Don Giovanni Captured: Performance, Media, Myth | National Humanities Center

Work of the Fellows: Monographs

Don Giovanni Captured: Performance, Media, Myth

By Richard Will (NHC Fellow, 2009–10)

Don Giovanni Captured

Chicago: The University of Chicago Press, 2022

From the publisher’s description:

Don Giovanni Captured considers the life of a single opera, engaging with the entire history of its recorded performance.

Mozart’s opera Don Giovanni has long inspired myths about eros and masculinity. Over time, its performance history has revealed a growing trend toward critique—an increasing effort on the part of performers and directors to highlight the violence and predatoriness of the libertine central character, alongside the suffering and resilience of his female victims.

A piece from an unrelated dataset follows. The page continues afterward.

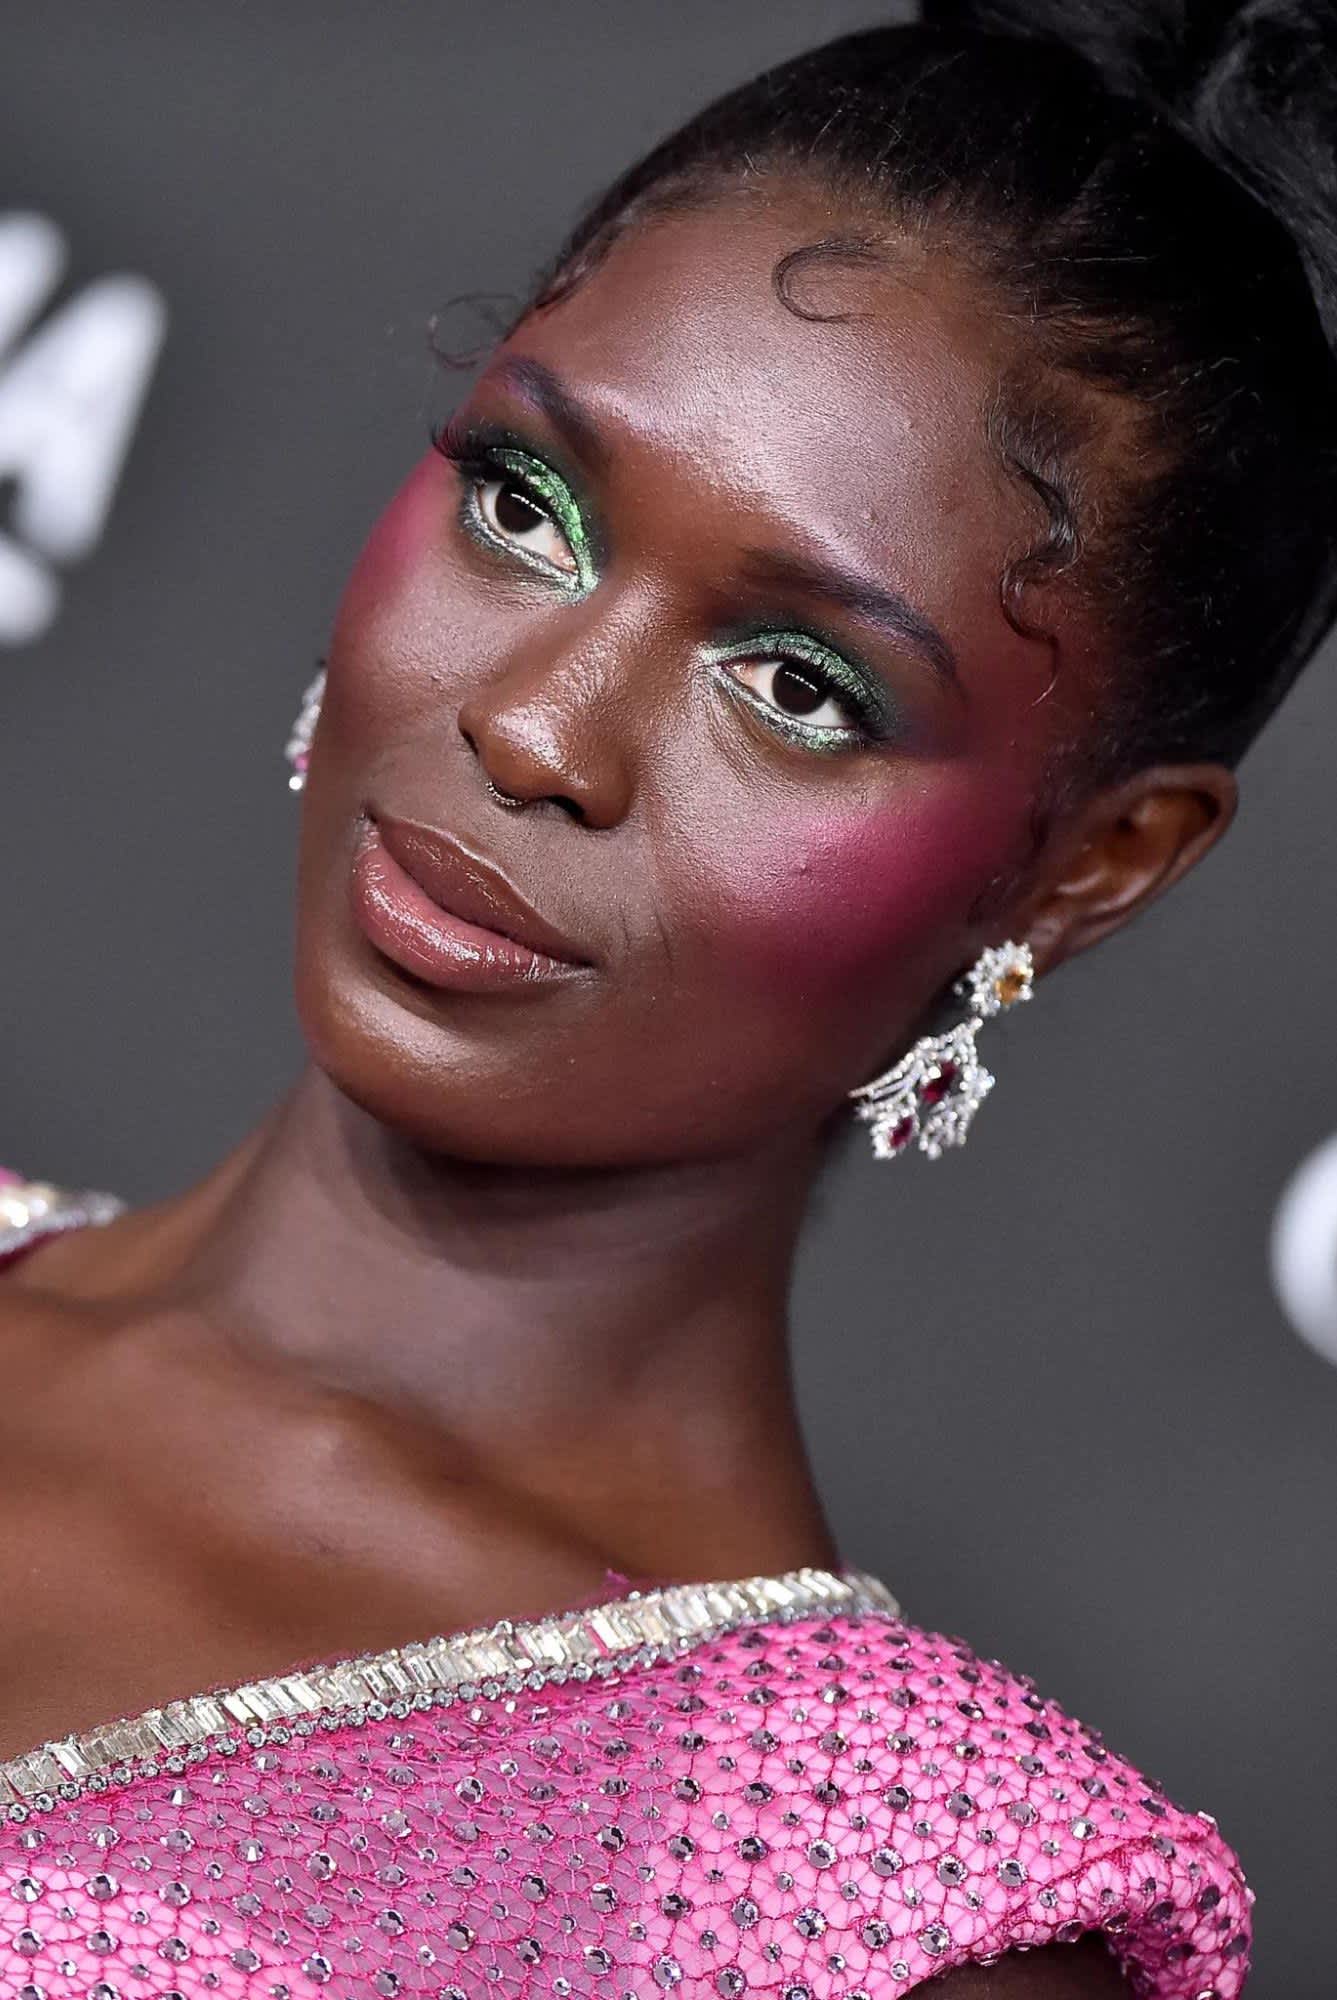 Jodie Turner Smith on the LACMA Red Carpet with a popping emerald green eye makeup

In Don Giovanni Captured, Richard Will sets out to analyze more than a century’s worth of recorded performances of the opera, tracing the ways it has changed from one performance to another and from one generation to the next. Will consults audio recordings, starting with wax cylinders and 78s, as well as video recordings, including DVDs, films, and streaming videos. As Will argues, recordings and other media shape our experience of opera as much as live performance does. Seen as a historical record, opera recordings are also a potent reminder of the refusal of works such as Don Giovanni to sit still. By choosing a work with such a rich and complex tradition of interpretation, Will helps us see Don Giovanni as a standard-bearer for evolving ideas about desire and power, both on and off the stage.

Subjects
Music / Film and Media / Opera / Sound Recording and Reproduction / History of Music / Don Giovanni / Wolfgang Amadeus Mozart /

Will, Richard (NHC Fellow, 2009–10). Don Giovanni Captured: Performance, Media, Myth. Opera Lab: Explorations in History, Technology, and Performance. Chicago: The University of Chicago Press, 2022.